ぼくらはどうして出合ってしまったんだろうshinecatshinecatshinecatshineshineshine

Jupiter_aurora_50_2外猫とらちゃんが死んだのはちょうど一年前の今頃。「嗚呼・・・、もうすぐに春なのに」と寂寞の余韻静まらないうちにあの激しい地震に地面揺さぶられ、それから相次いで、スティーブンが白血病で、外猫ピピは前日まで元気でいたのに突然死体になって野辺に転がっていて、・・・道端で車に轢かれ死んでいたあの子、・・・お墓で雨に打たれ野ざらしに冷たくなっていた黒猫キツン、地域猫ブリちゃんは白血病で2歳半の短い命、ハマーちゃんは脳にできた腫瘍が災いし天国へ。
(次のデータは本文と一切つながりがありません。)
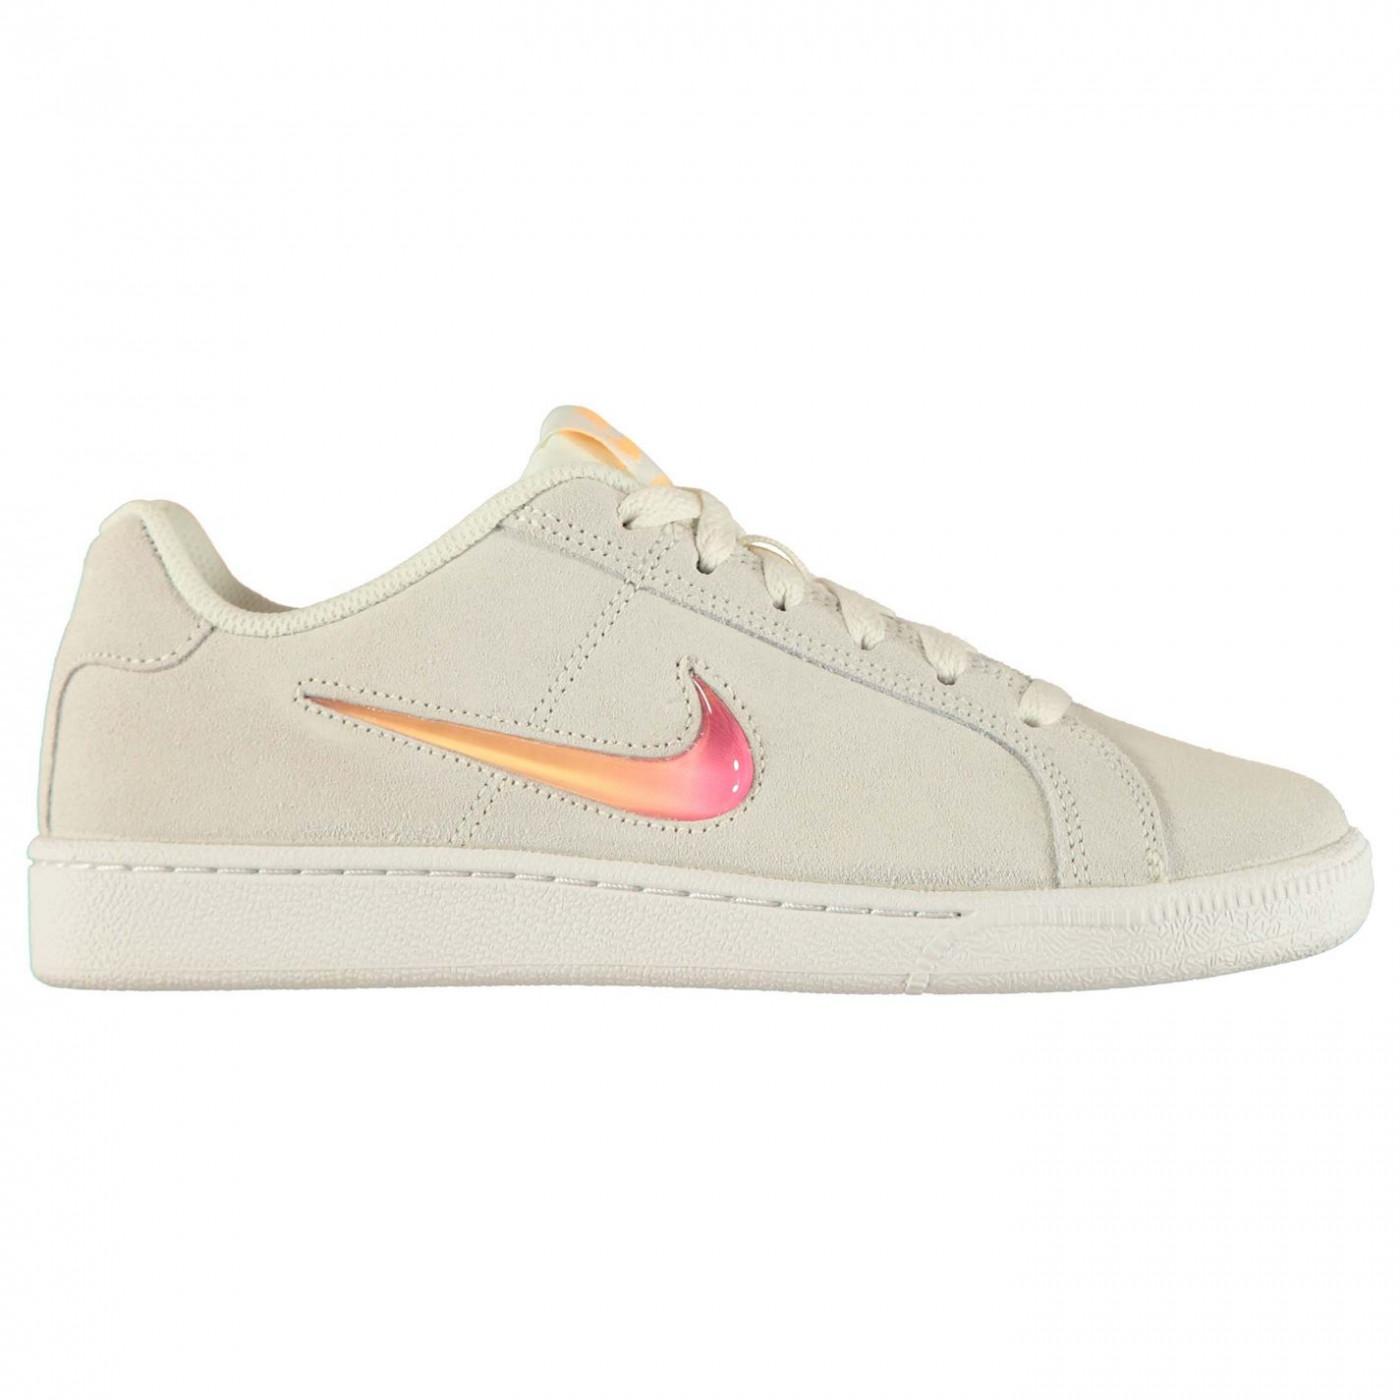 d21009389e1 Sneakersid - FACTCOOL

そして、麻布十番のあの子ニコ。

とらちゃん、スティーブン、ピピ、ブリちゃん、ハマーちゃん、ニコ、あの子にあの子にあの子たち。
この活動をしていて何より悲しいのは、何があっても、どんなことがあっても、どんなに打ちひしがれていても、立ち止まることが許されないこと。
泣きたいだけ泣き、悲しむだけ悲しむゆとりもなく前へ前へとめどなく押し出されてゆく。
泣いて立ち止まることが許されない。「みんな、来てくれるのを信じて待っているもんね!」と・・・。
道すがら夜の空を見上げ葉を落とした木々のシルエットに思い、頬を切る風に思い、河口に漂う街灯りの揺らめきに思い、町ゆく人たちの背中に群衆の中の孤独を感じ、気持を整理整頓するのが常である。

Nas1eb

この感慨(ディープ・エモーション)は同じような活動をしている人たちなら分かってくれると思う。
死んでいった命。今病気に伏せている命。「手紙は必ず届く」と毎日疑わず待っているこの先も生きてゆく命たち、・・・猫たち。三方向・四方向にそれぞれ命のベクトルは真逆なのに、全てを同じように満たしてゆかなければならない。
星屑のように点在する小さなブレスたちのしじまを「LOVEですよ!」と郵便配達めぐり歩く。・・・大の大人から見たら滑稽で愚かしく馬鹿みたいなことかもしれない。
だけど「走れメロス」、言い訳は利かない。約束の小道を約束の手紙を届けにひた走る。

Nas1eb_2

角を曲がれば音を聞き分けニコやハッチやココが揃ってシッポふりふり駆け寄って来た去年の夏。そして、これから先も・・・決まったポイントで呼鈴を鳴らせば・・・何処ともなく「待ってました!」と言わんばかりに姿をあらわすだろう・・・怪物くんやマルクスやソクラテスに大福くんたち・・・。しかし、それもこれもあれもどれもそれも、やがて、いつか時の帳(とばり)に全ての火は消えてなくなる。・・・その最後の一通の郵便配達を終えるまで、この旅は続いてゆく。
The more people laugh at me,the greater is my faith in the mission.[嘲笑されれば嘲笑されるほどに、我が信念はみがかれてゆく]
失えば失うほど、喪失感をジャンピング・ボードにして強くなって来た。
悲しみをエネルギーに変える、それがこの活動のただ一つの動力だった。そして唯一無二の心を支える方法だった。

今まで、死んだ猫たちを天国に見送るたびに、哀悼の気持を言葉にするのはむずかしかったけれど、心の内に熱エネルギーに変えてこの活動の“信念”にして来た。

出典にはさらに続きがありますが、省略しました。